SELECT json_sum_merge('{"key1": 1, "key2": 3}', '{"key3": 1, "key2": 2}')
Output:
{"key1": 1, "key2": 5, "key3": 1}
The function code:
DELIMITER //
DROP FUNCTION IF EXISTS json_merge_sum //
CREATE FUNCTION json_sum_merge(IN j1 JSON, IN total JSON) RETURNS JSON
BEGIN
DECLARE knum INT DEFAULT 0;
DECLARE jkeys JSON DEFAULT JSON_KEYS(j1);
DECLARE kpath VARCHAR(20);
DECLARE v INT;
DECLARE l INT DEFAULT JSON_LENGTH(jkeys);
kloop: LOOP
IF knum >= l THEN
LEAVE kloop;
END IF;
SET kpath = CONCAT('$.', JSON_EXTRACT(jkeys, CONCAT('$[', knum, ']')));
SET v = JSON_EXTRACT(j1, kpath);
IF JSON_CONTAINS_PATH(total, 'one', kpath) THEN
SET total = JSON_REPLACE(total, kpath, JSON_EXTRACT(total, kpath) + v);
ELSE
SET total = JSON_SET(total, kpath, v);
END IF;
SET knum = knum + 1;
END LOOP kloop;
RETURN total;
END
The procedure, count_keys
, performs the equivalent of the GROUP BY
clause.
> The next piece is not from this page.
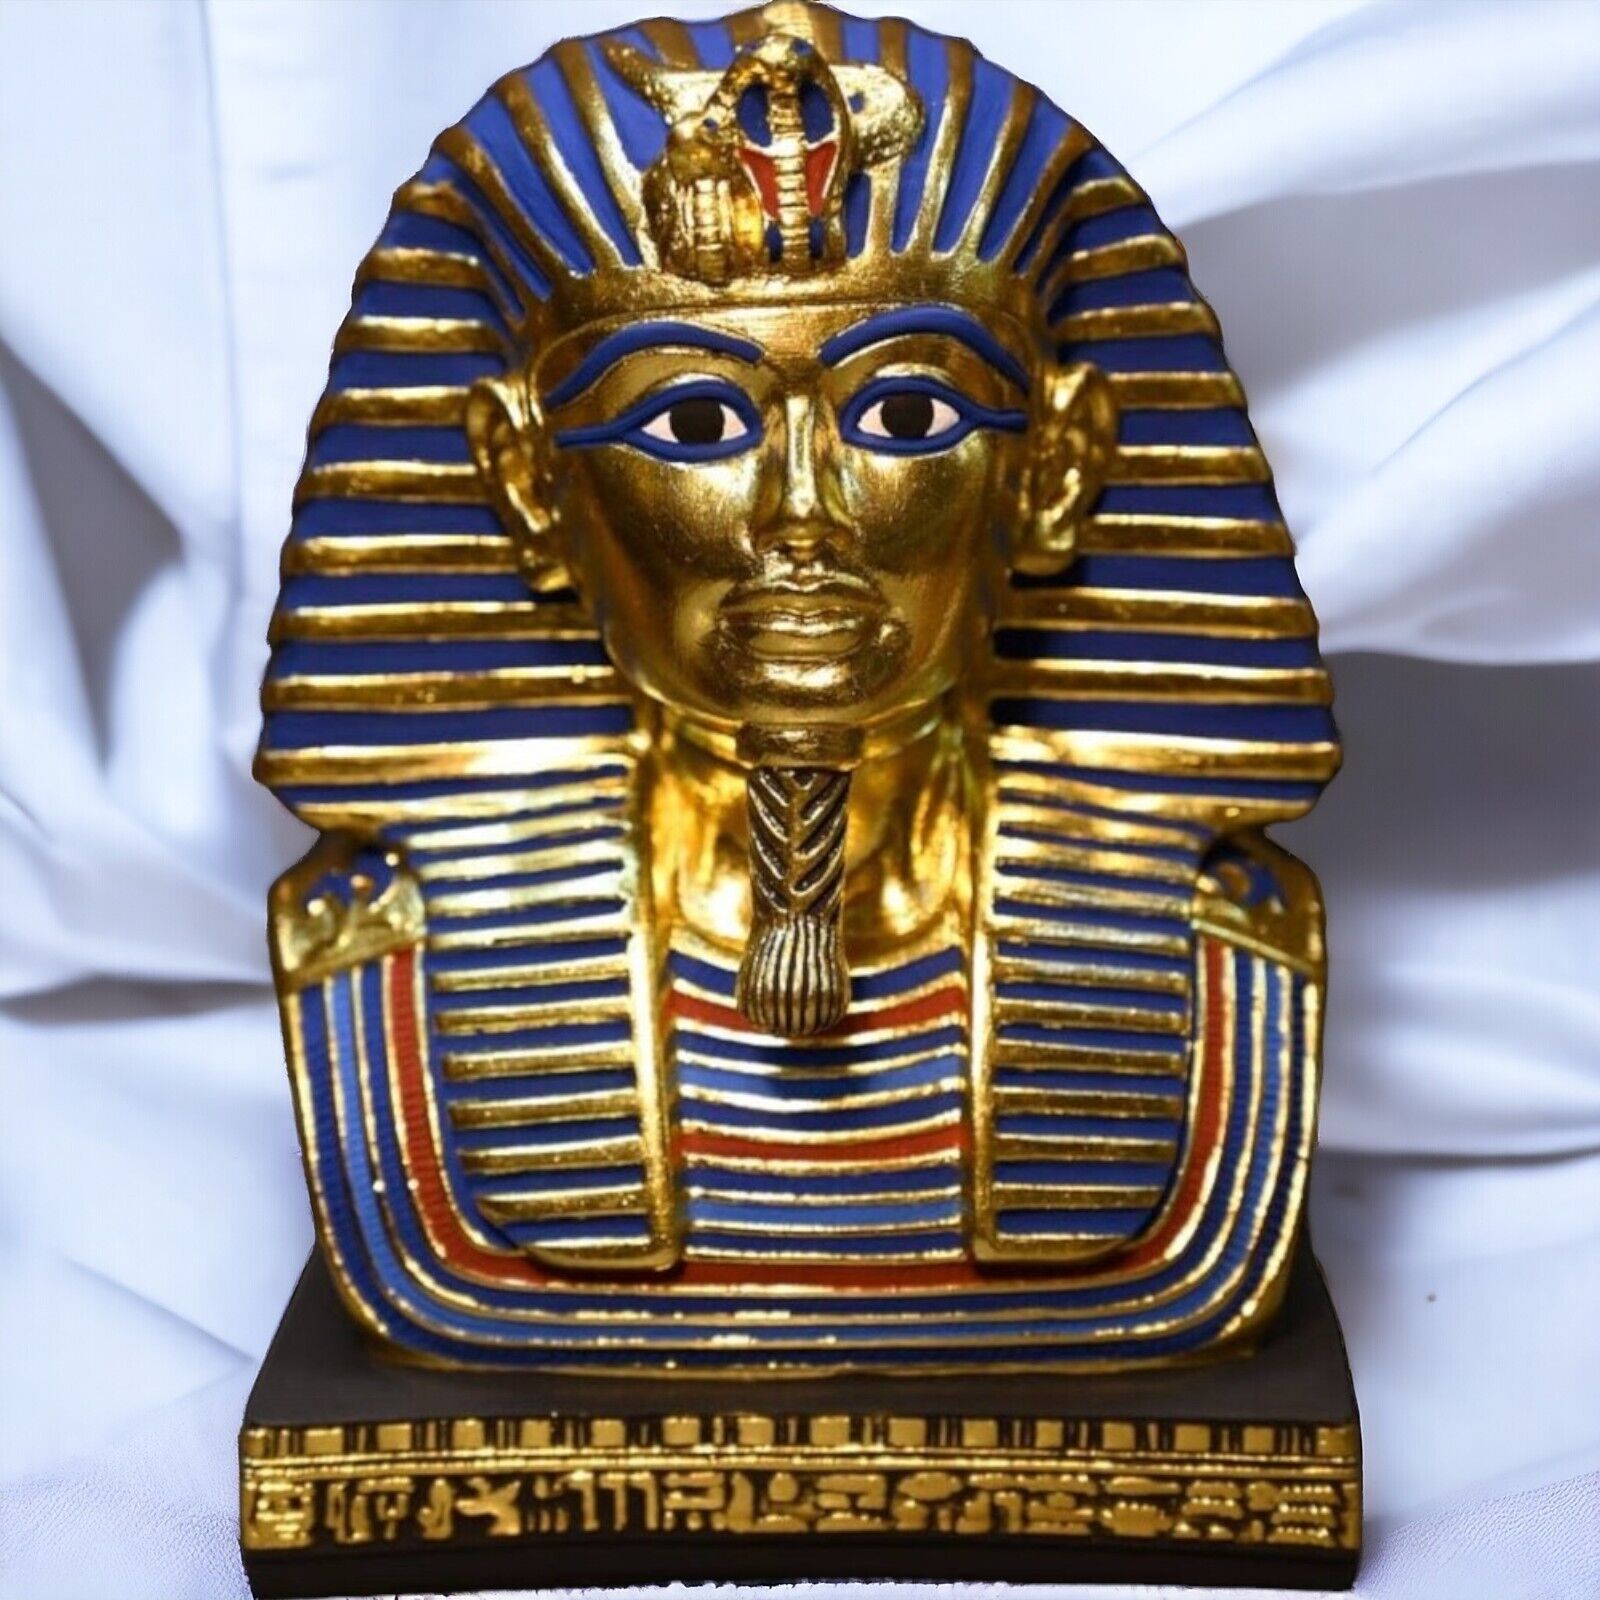 UNIQUE ANCIENT EGYPTIAN ANTIQUES Heavy Statue Bust Of King Tutankhamun Egypt BC

It finds all the distinct values of col1
in the table and then calls json_sum_merge
for each row which has that value of col1
. Note the row select query performs a SELECT ... INTO
a dummy variable so no output is generated, and uses a MIN()
to ensure there is only one result (so that it can be assigned to a variable).
The procedure:
DELIMITER //
DROP PROCEDURE IF EXISTS count_keys //
CREATE PROCEDURE count_keys()
BEGIN
DECLARE finished INT DEFAULT 0;
DECLARE col1val VARCHAR(20);
DECLARE col1_cursor CURSOR FOR SELECT DISTINCT col1 FROM table2;
DECLARE CONTINUE HANDLER FOR NOT FOUND SET finished=1;
OPEN col1_cursor;
col1_loop: LOOP
FETCH col1_cursor INTO col1val;
IF finished=1 THEN
LEAVE col1_loop;
END IF;
SET @total = '{}';
SET @query = CONCAT("SELECT MIN(@total:=json_sum_merge(col2, @total)) INTO @json FROM table2 WHERE col1='", col1val, "'");
PREPARE stmt FROM @query;
EXECUTE stmt;
DEALLOCATE PREPARE stmt;
SELECT col1val AS col1, @total AS col2;
END LOOP col1_loop;
END
For a slightly larger example:
col1 col2
aaa {"key1": 1, "key2": 3}
bbb {"key1": 4, "key2": 2}
aaa {"key1": 50, "key3": 0}
ccc {"key2": 5, "key3": 1, "key4": 3}
bbb {"key1": 5, "key2": 1, "key5": 3}
CALL count_keys()
produces:
col1 col2
aaa {"key1": 51, "key2": 3, "key3": 0}
bbb {"key1": 9, "key2": 3, "key5": 3}
ccc {"key2": 5, "key3": 1, "key4": 3}
Note I've called the table table2
in the procedure, you will need to edit that (in both queries) to suit.